In February, Italian energy giant Eni and Libya’s state-owned National Oil Corporation (NOC) signed an $8 billion investment deal to explore underwater gas fields mainly for export to Europe, under the approving gaze of Italian Prime Minister Giorgia Meloni and Fayez al-Sarraj, the leader of the recognized by the UN Tripoli-based Government of National Accord (GNA).

But Libya is still not completely at peace since the NATO-backed ouster of autocrat Muammar Gaddafi in 2011. Despite a supposed truce, violence erupted in Tripoli in August 2022 between rivals for control of the country, while European countries Russia and Turkey all have a stake in Libya, with their interests often at odds.

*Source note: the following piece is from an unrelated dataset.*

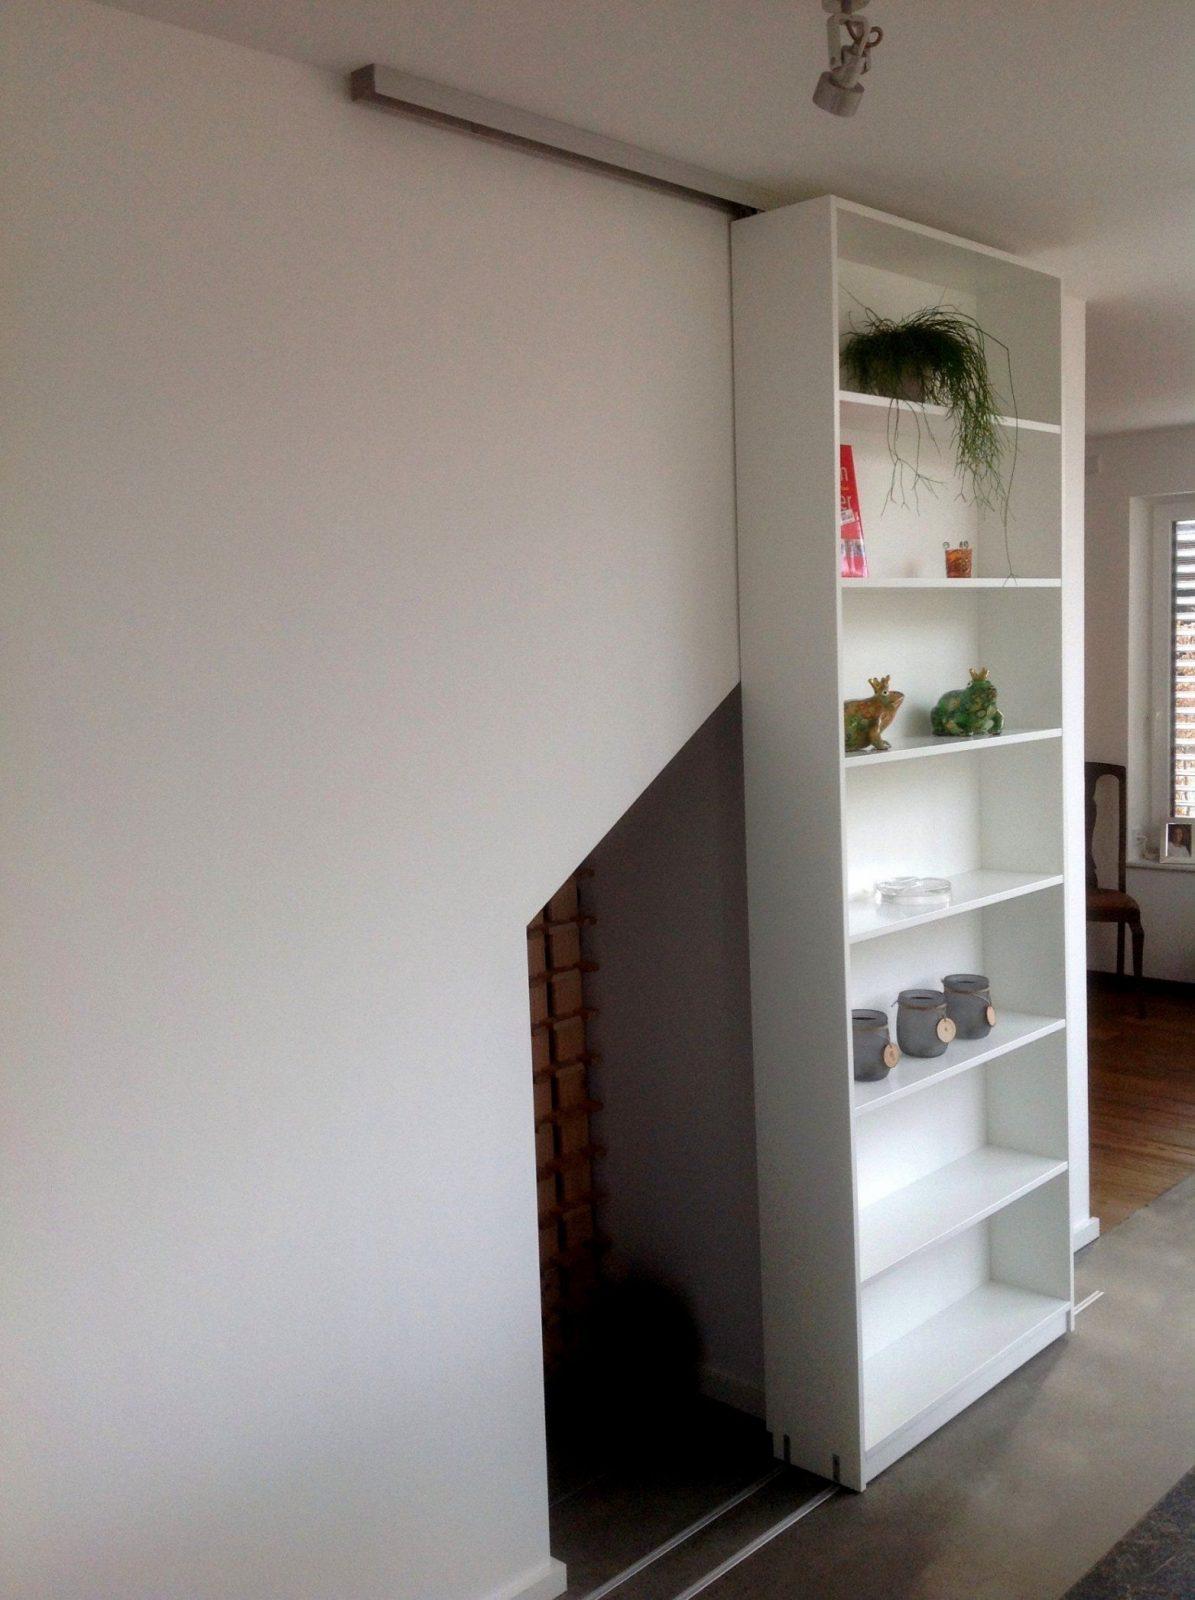 interessant raumteiler selber bauen fachwerk raumteiler schublade von fachwerk raumteiler selber. Black Bedroom Furniture Sets. Home Design Ideas

With the world’s attention on Ukraine, it’s easy to forget the drama unfolding in the Middle East and North Africa, the suffering of the people who live there, and the stage it sets for important European issues from immigration to energy.

Keely visited Beirut last June, and before leaving he told a man he thought well informed of his forthcoming journey. The man wished Keeley a happy holiday, which surprised the priest since most of the country doesn’t even have electricity anymore and even the capital only has it for an hour a day.

You can’t solve a problem you don’t acknowledge.